Standard abbreviations
- ISO 4: J. Anim. Feed Sci.

Indexing
- CODEN: JFESEA
- ISSN: 1230-1388 (print) 2719-8448 (web)
- OCLC no.: 29354750

Links
- Journal homepage; Online archive;

= Journal of Animal and Feed Sciences =

Journal of Animal and Feed Sciences is an open access peer-reviewed scientific journal of animal and agricultural science.
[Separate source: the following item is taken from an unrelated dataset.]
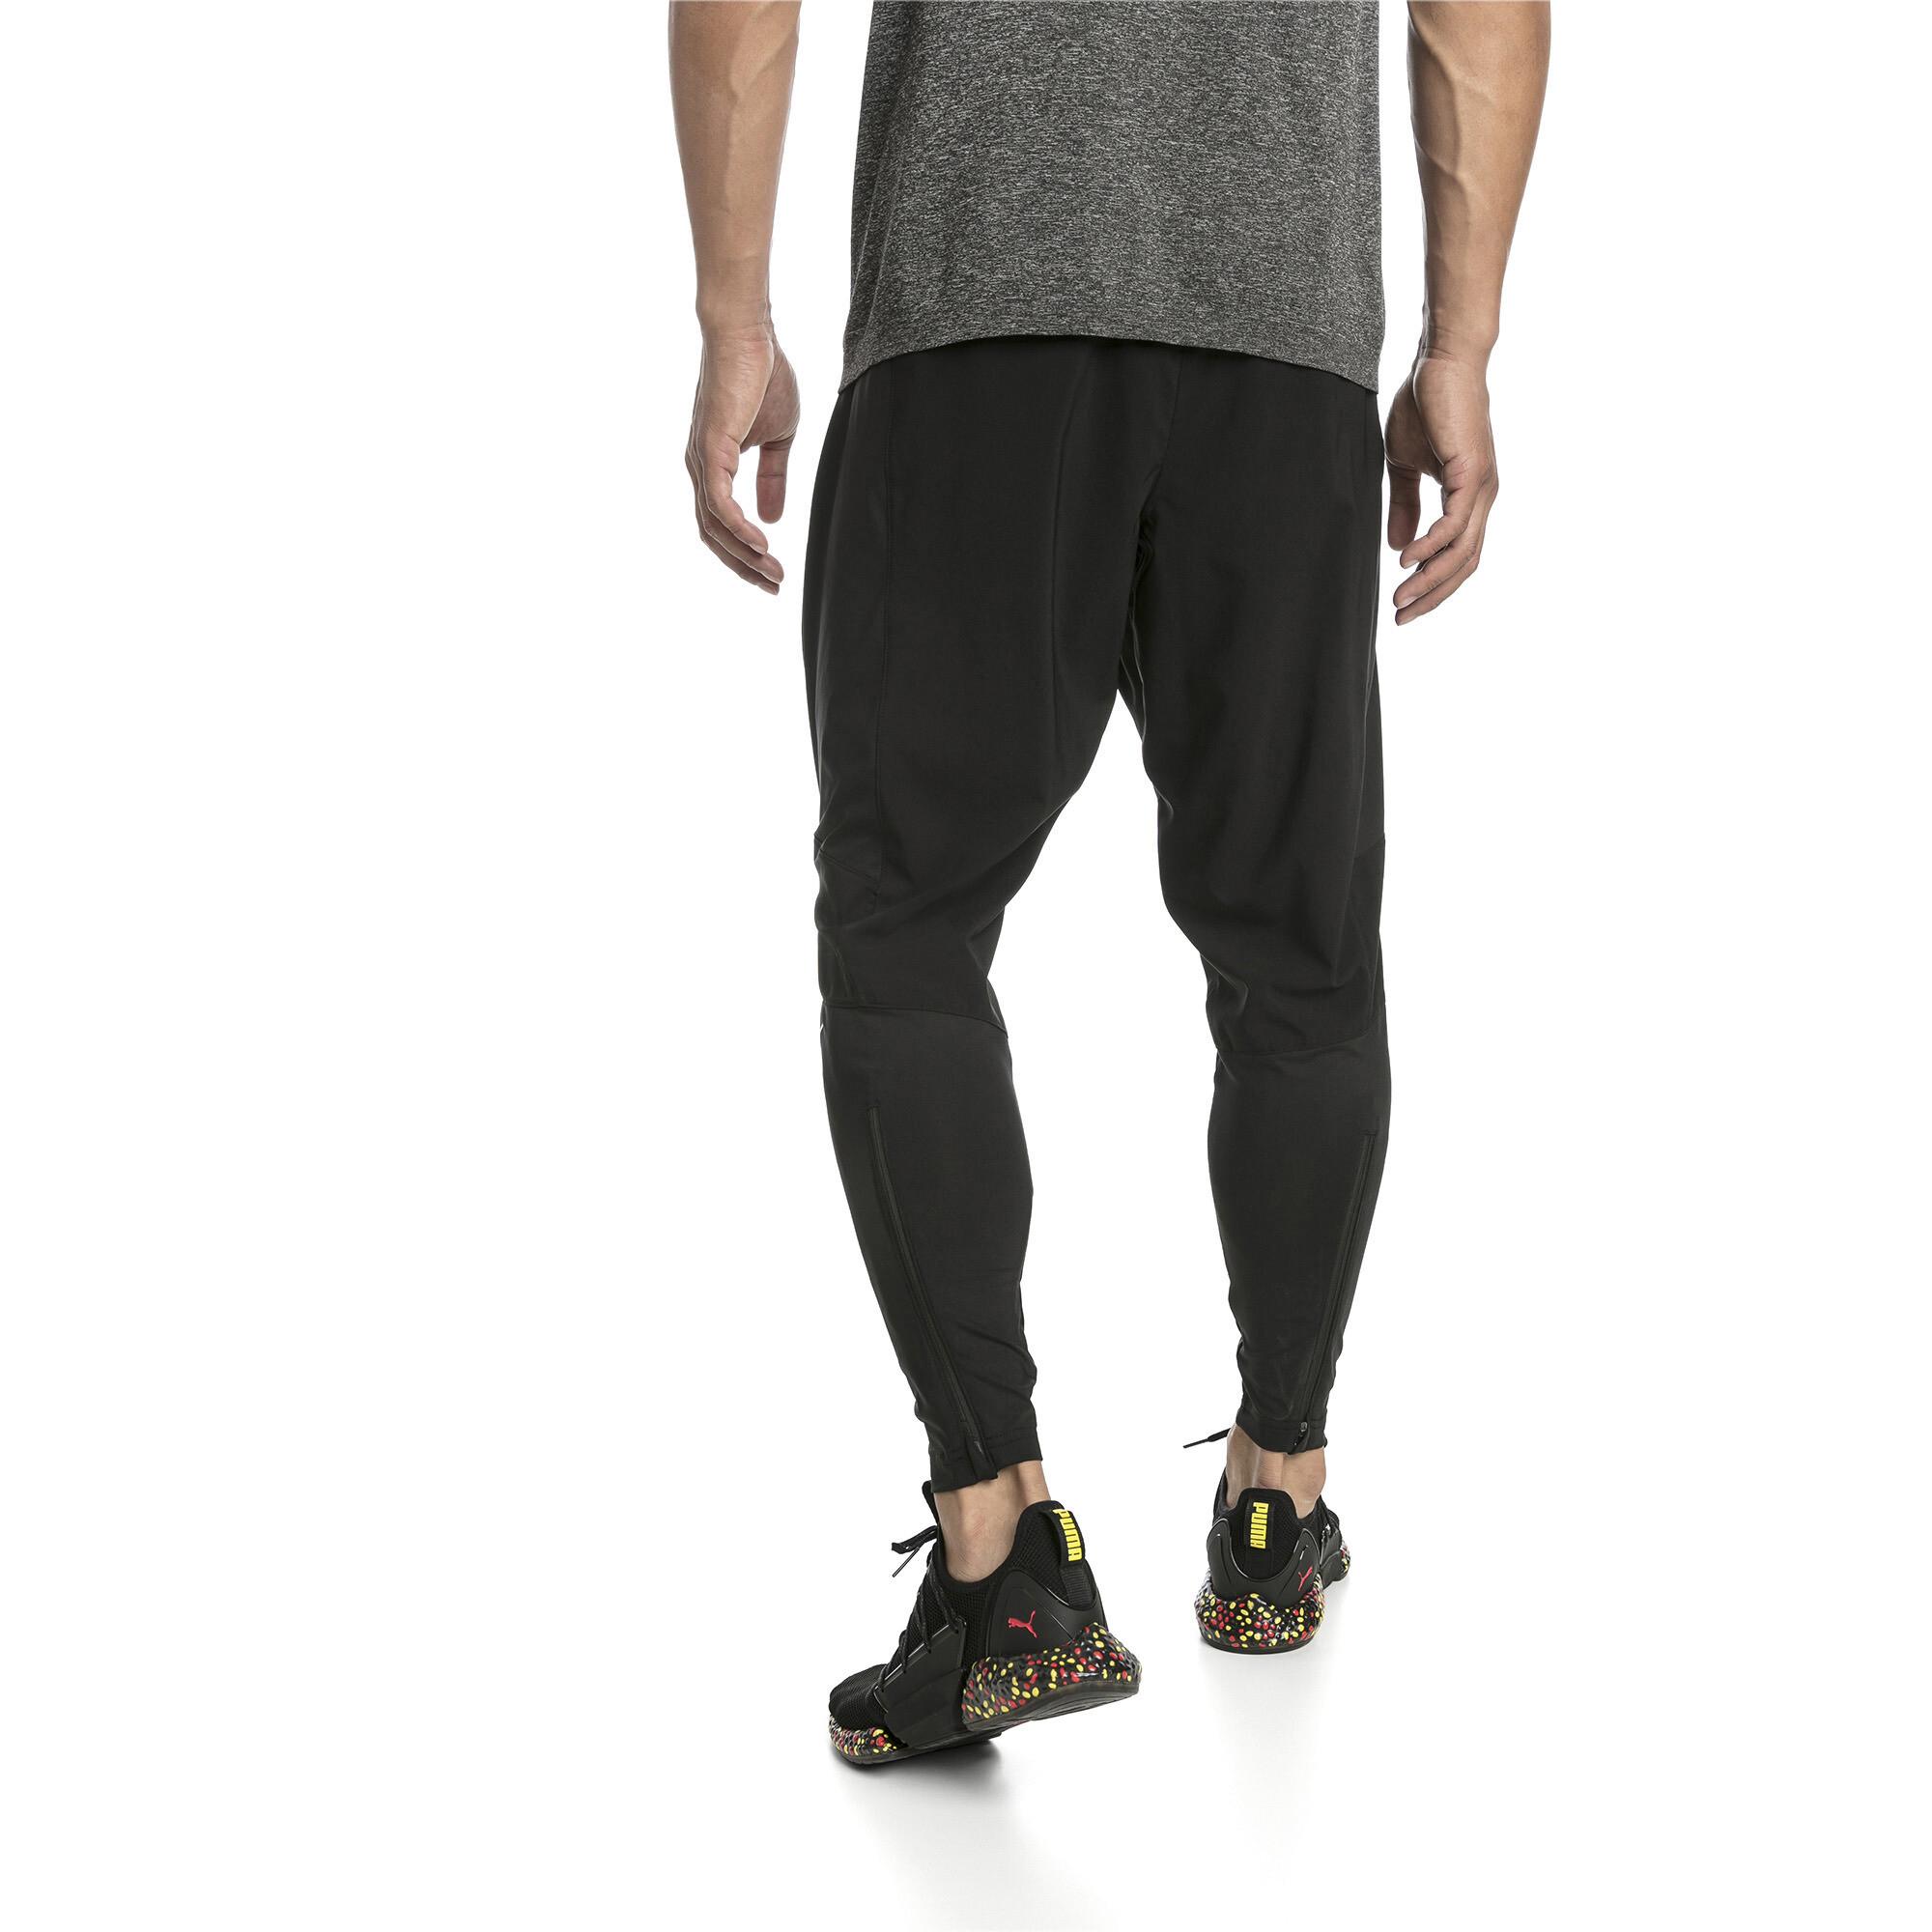 Image Puma NeverRunBack Tapered Men's Training Pants #2

The journal has been published by the Kielanowski Institute of Animal Physiology and Nutrition of the Polish Academy of Sciences (Jabłonna, Poland) since 1992. It continues the earlier Polish-language Roczniki nauk rolniczych. Seria B: Zootechniczna. It publishes original papers, reviews and, occasionally, short papers on basic and applied research. The journal was edited by Jan Kowalczyk (1991–2013), Jacek Skomiał (2014–2020), Agata Krawczyńska (2021) and since 2022 is edited by Anna Antuszewicz.

== Abstracting and indexing ==
The journal is abstracted and indexed in:

- CAB Abstracts
- Current Contents (Life Sciences)
- Science Citation Index
- Food Science and Technology Abstracts
- Index Copernicus
- SCOPUS
- Cabell's International
- AGRO

According to the Journal Citation Reports, the journal has a 2020 impact factor of 1.0.